··· RECORDED INFORMATION ···

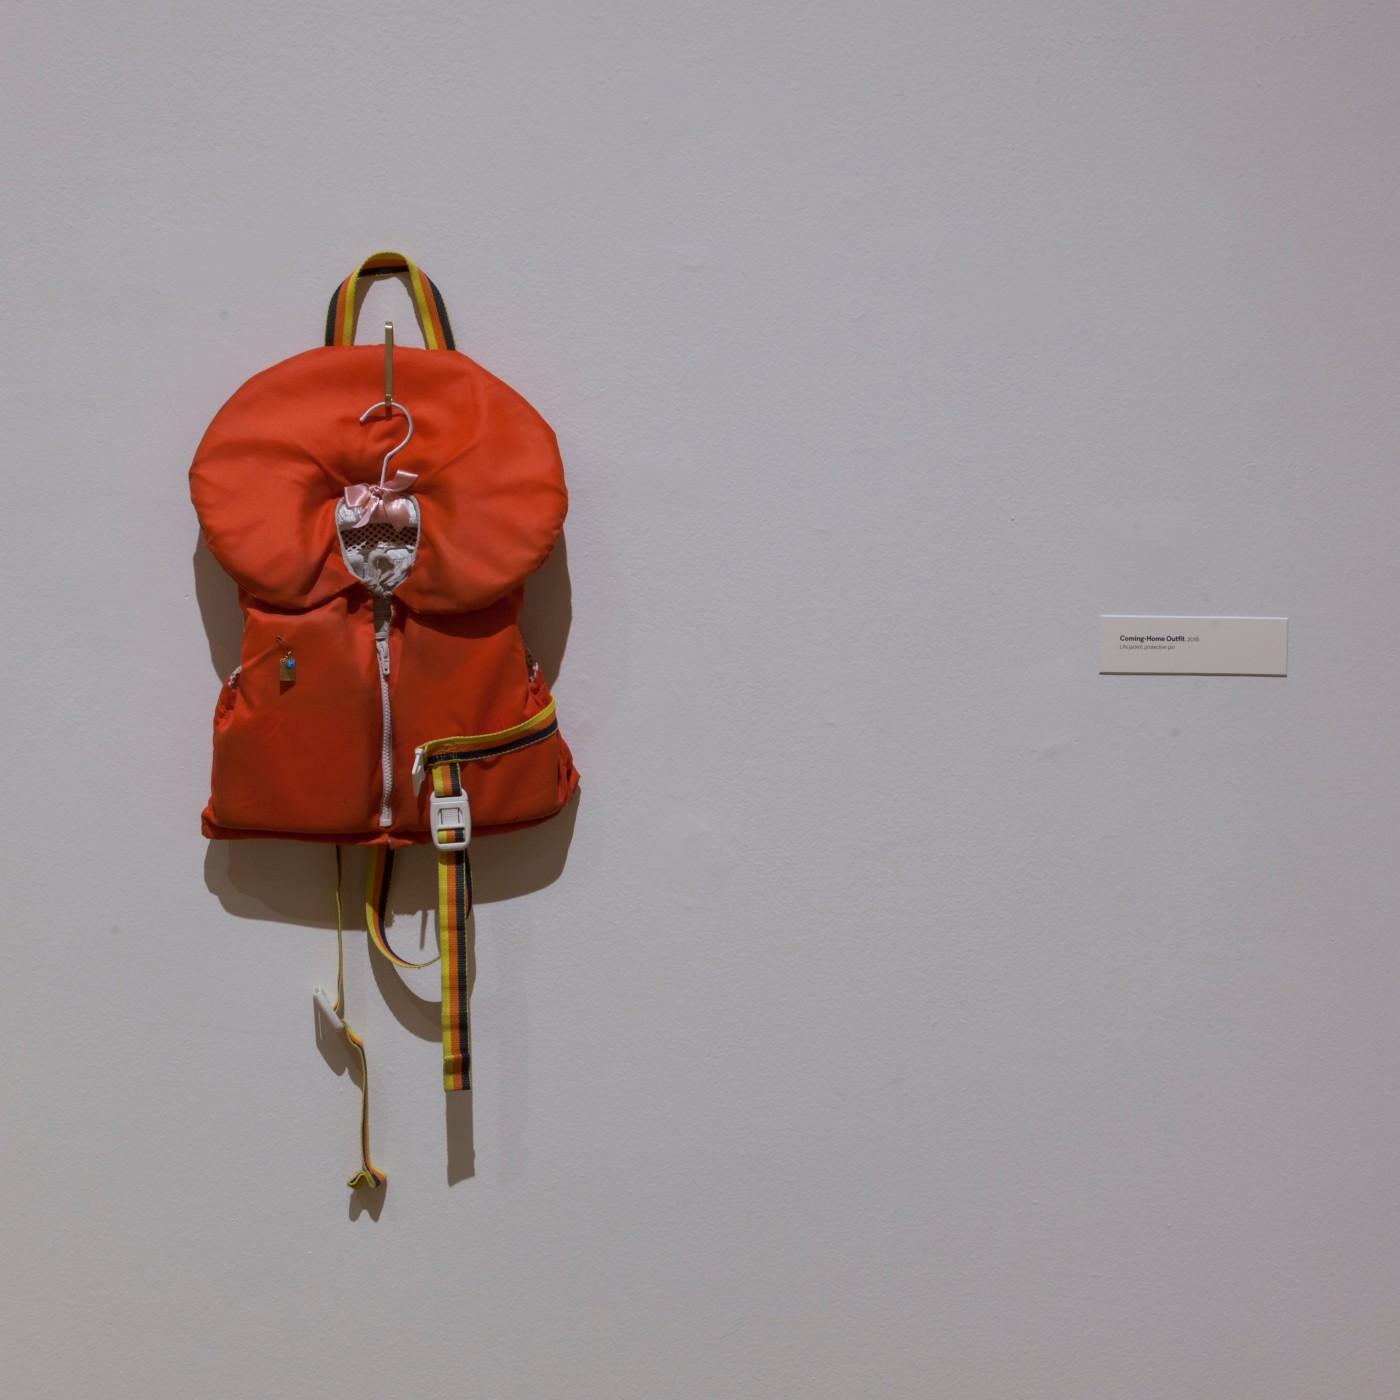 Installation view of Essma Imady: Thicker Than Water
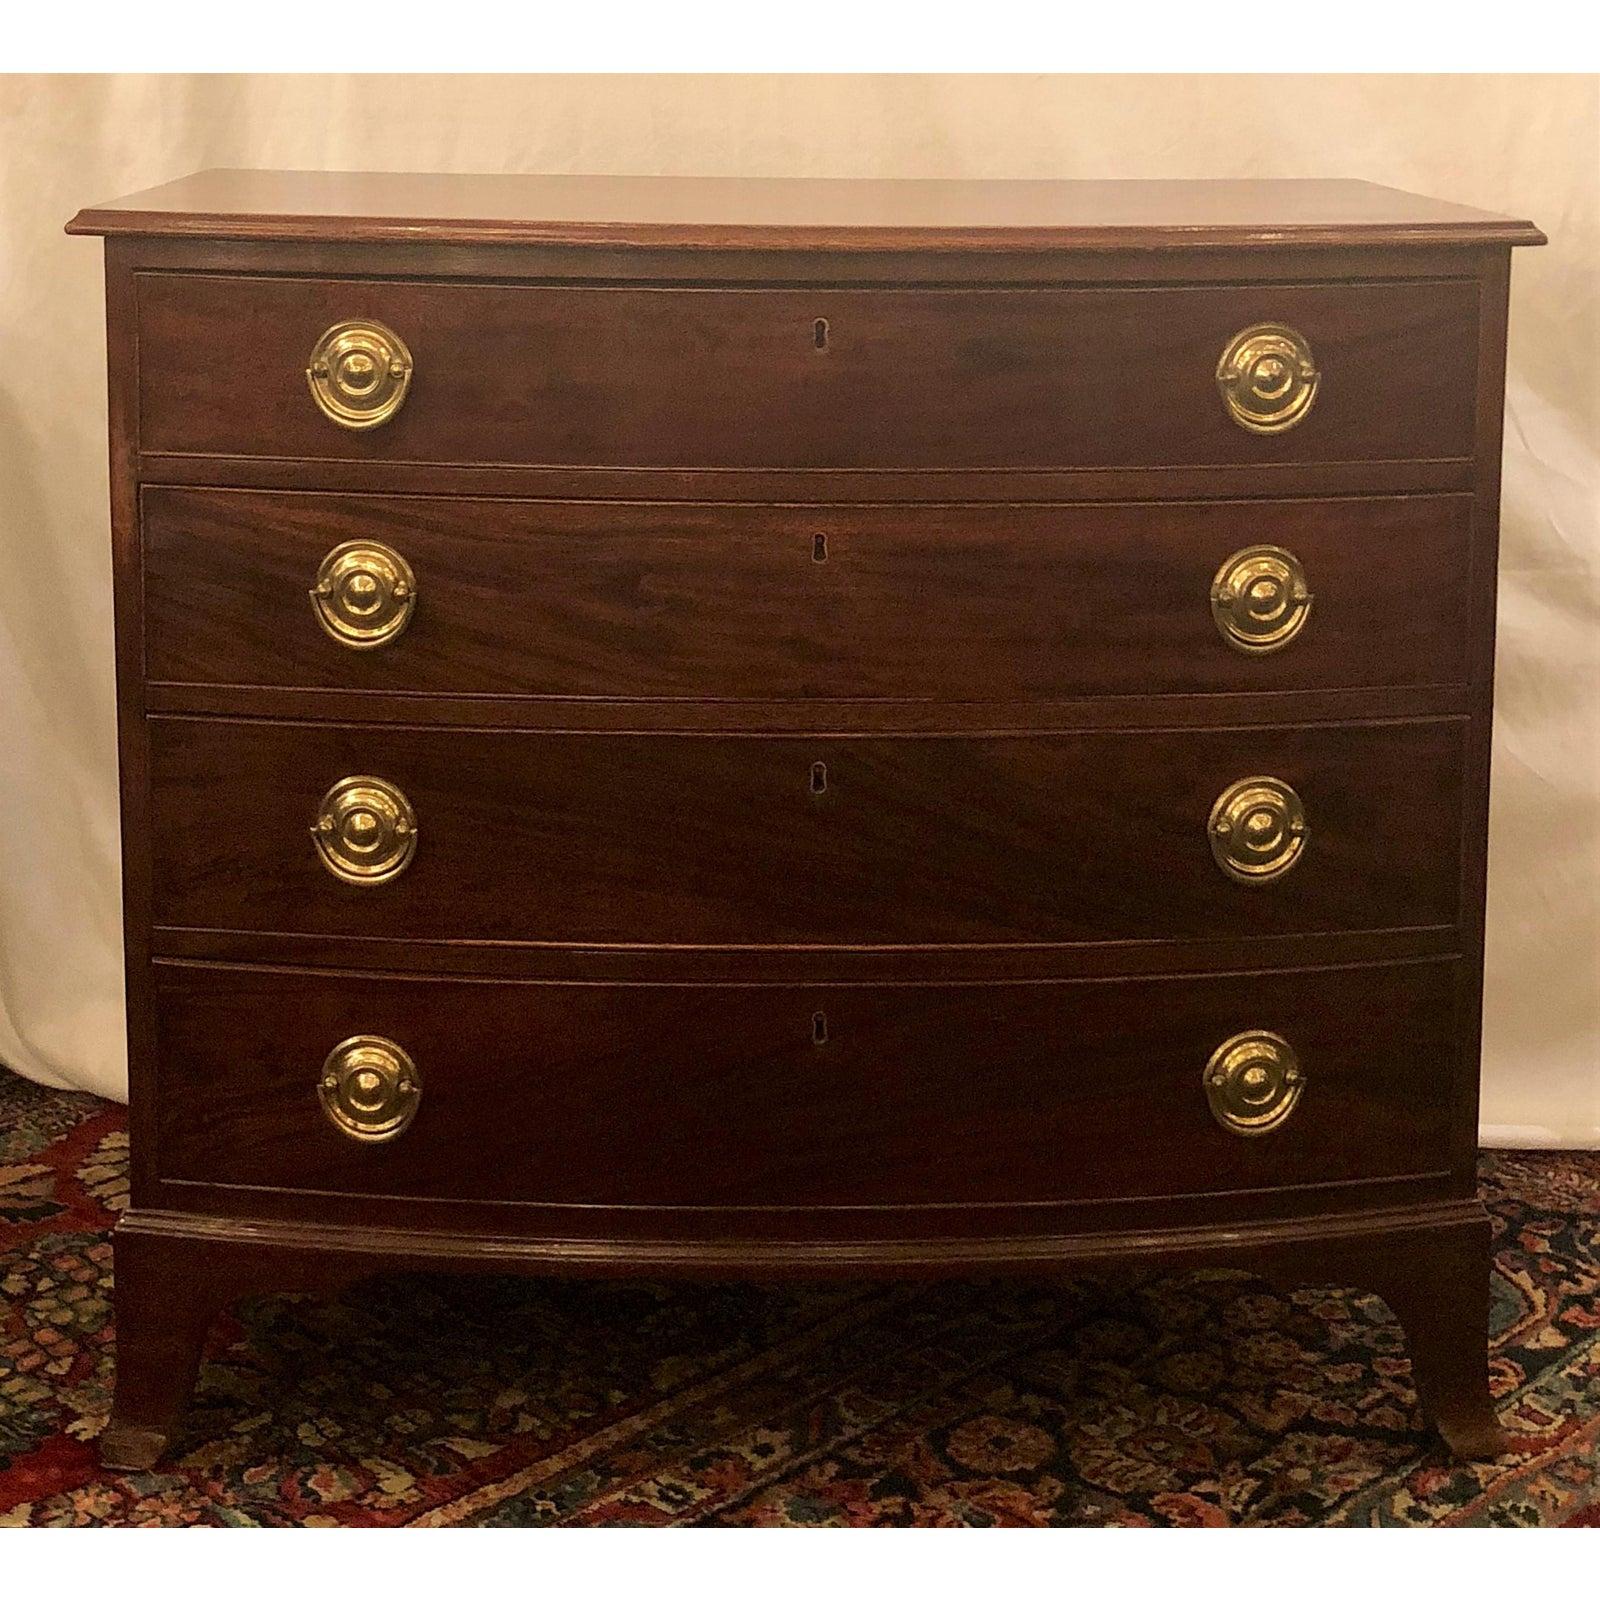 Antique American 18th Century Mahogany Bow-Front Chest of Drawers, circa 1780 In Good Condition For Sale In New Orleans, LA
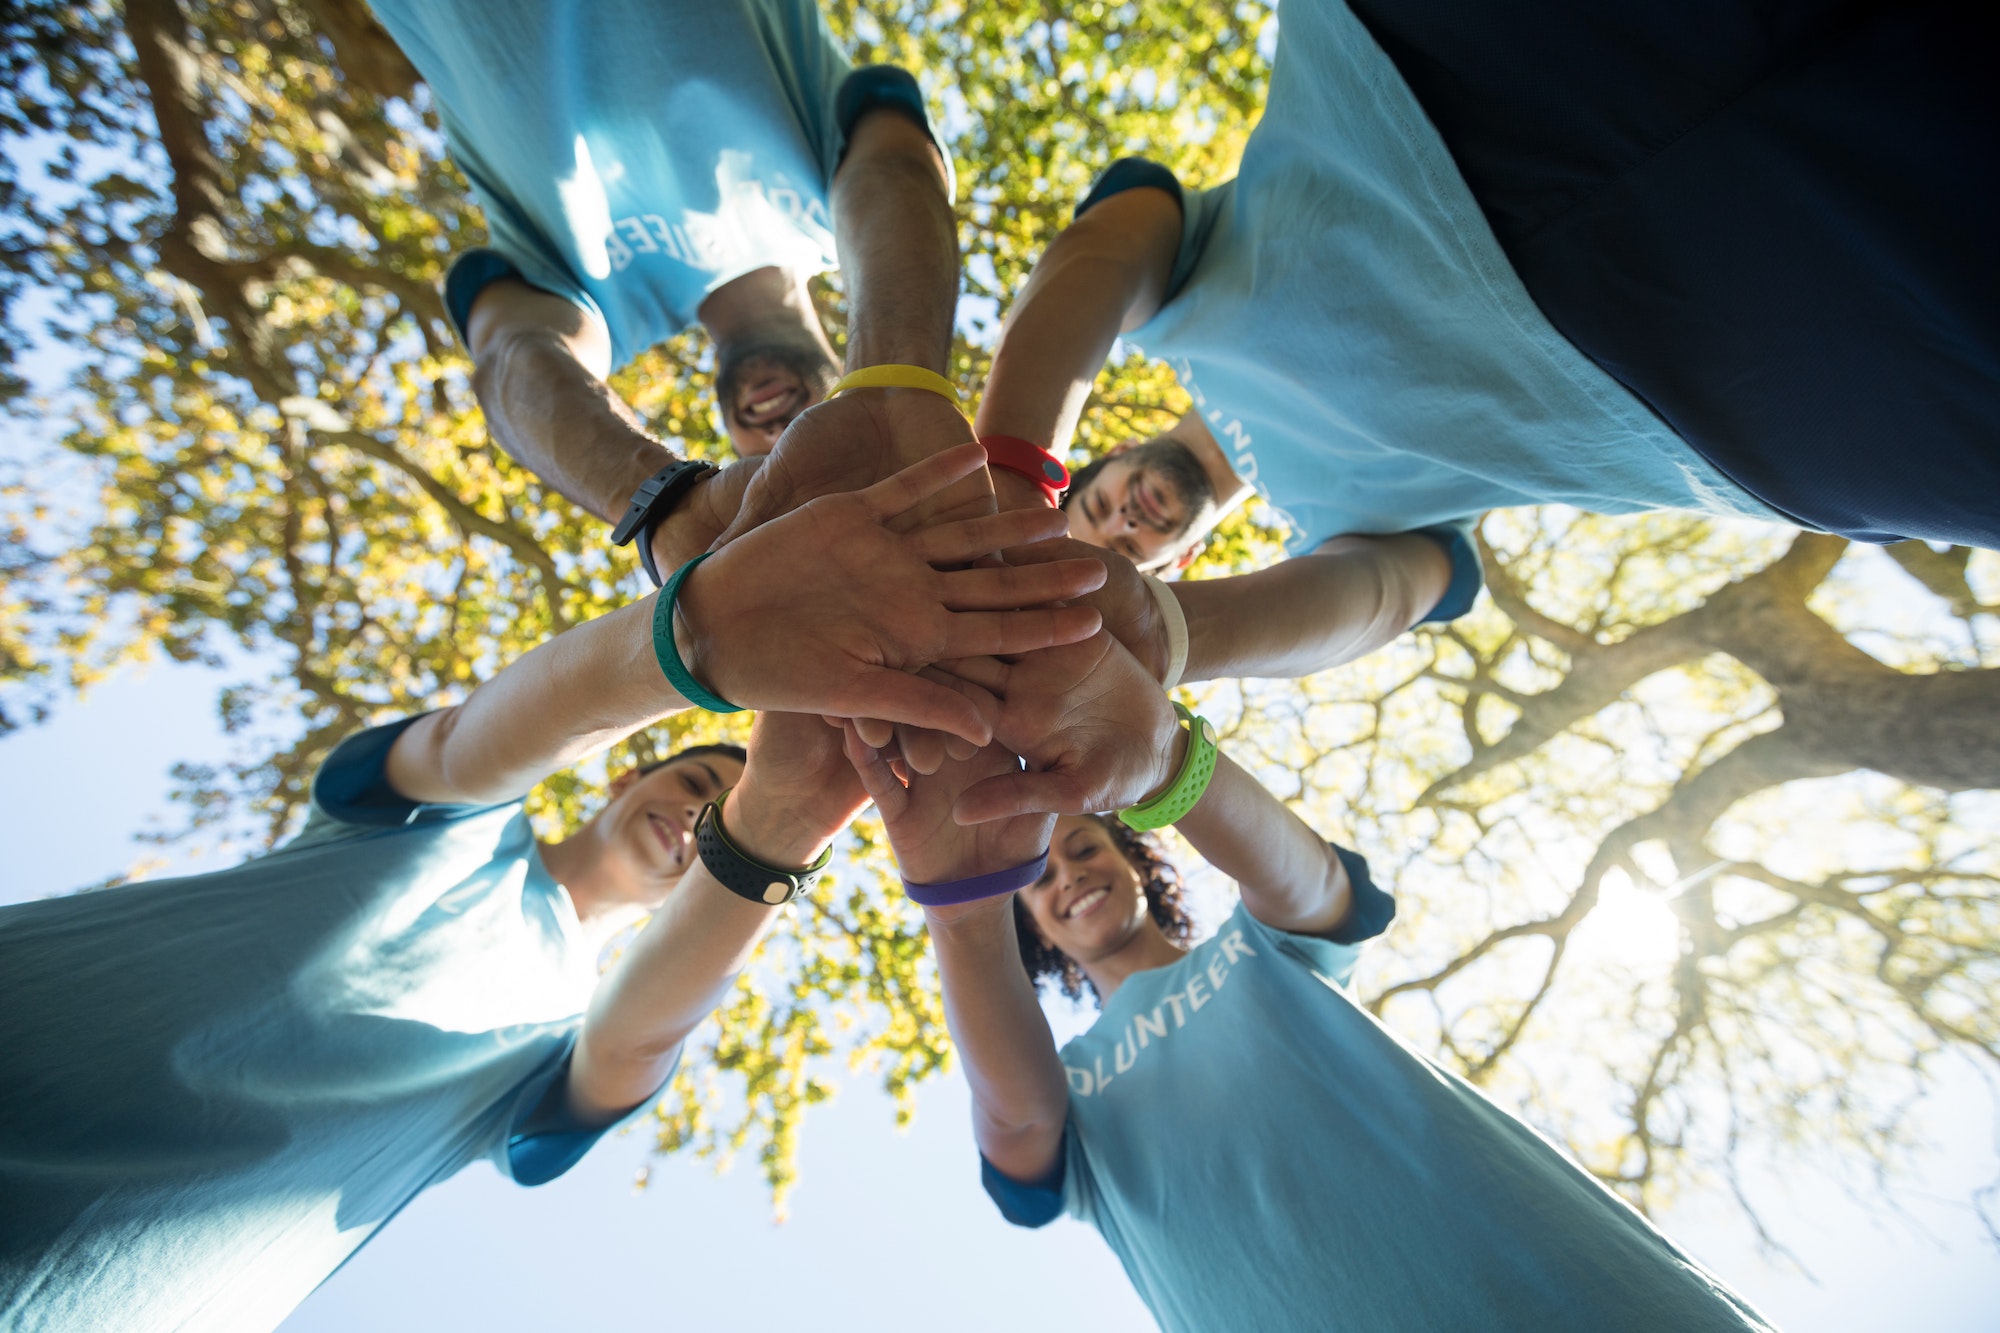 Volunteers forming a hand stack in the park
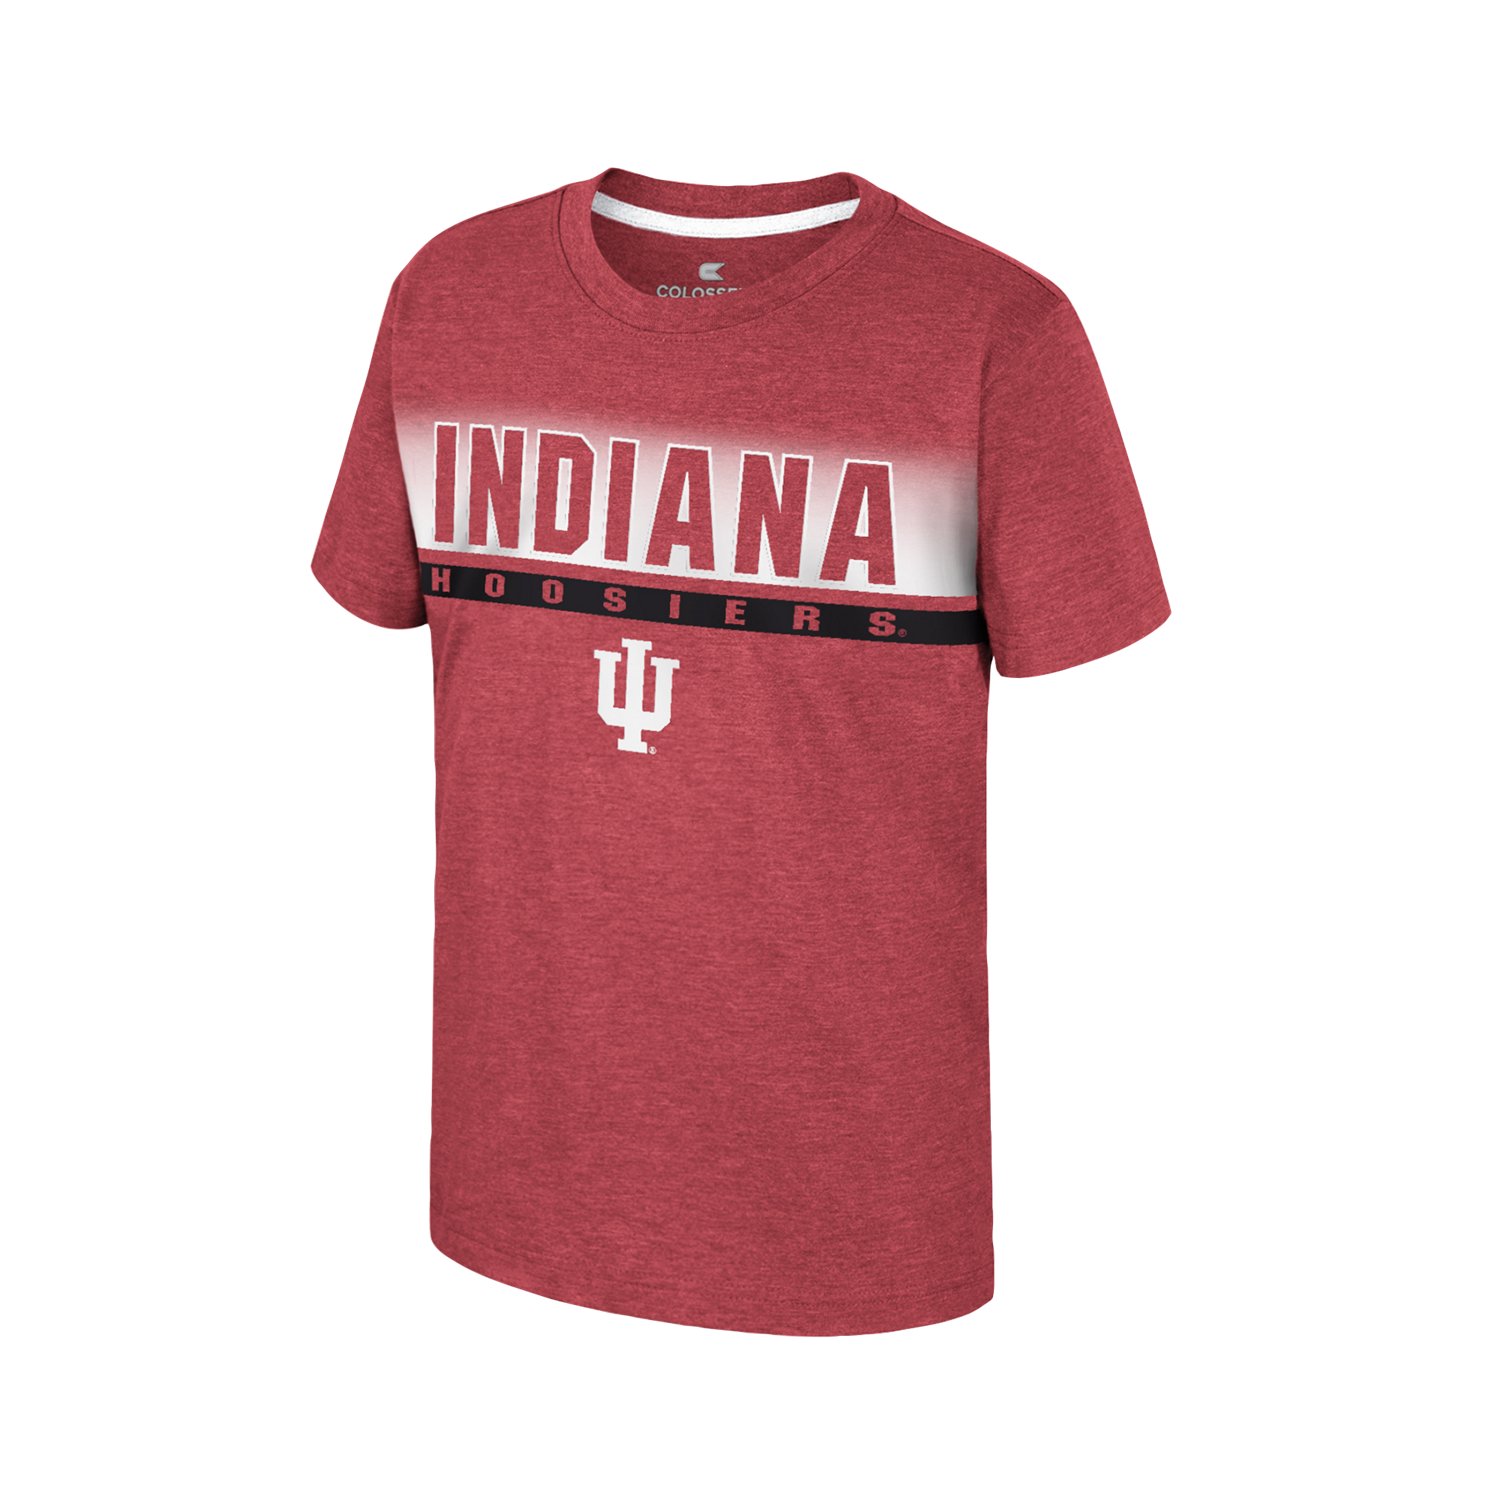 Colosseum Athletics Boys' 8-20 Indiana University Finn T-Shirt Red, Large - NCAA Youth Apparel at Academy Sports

···

**DIRECTIONS:**
All that is needed is the exact run of lines from the start of the material above through the one containing "Volunteers forming a hand stack in the park", pictures left out.

**SOLVED PROBLEM:**
 Installation view of Essma Imady: Thicker Than Water
 Antique American 18th Century Mahogany Bow-Front Chest of Drawers, circa 1780 In Good Condition For Sale In New Orleans, LA
 Volunteers forming a hand stack in the park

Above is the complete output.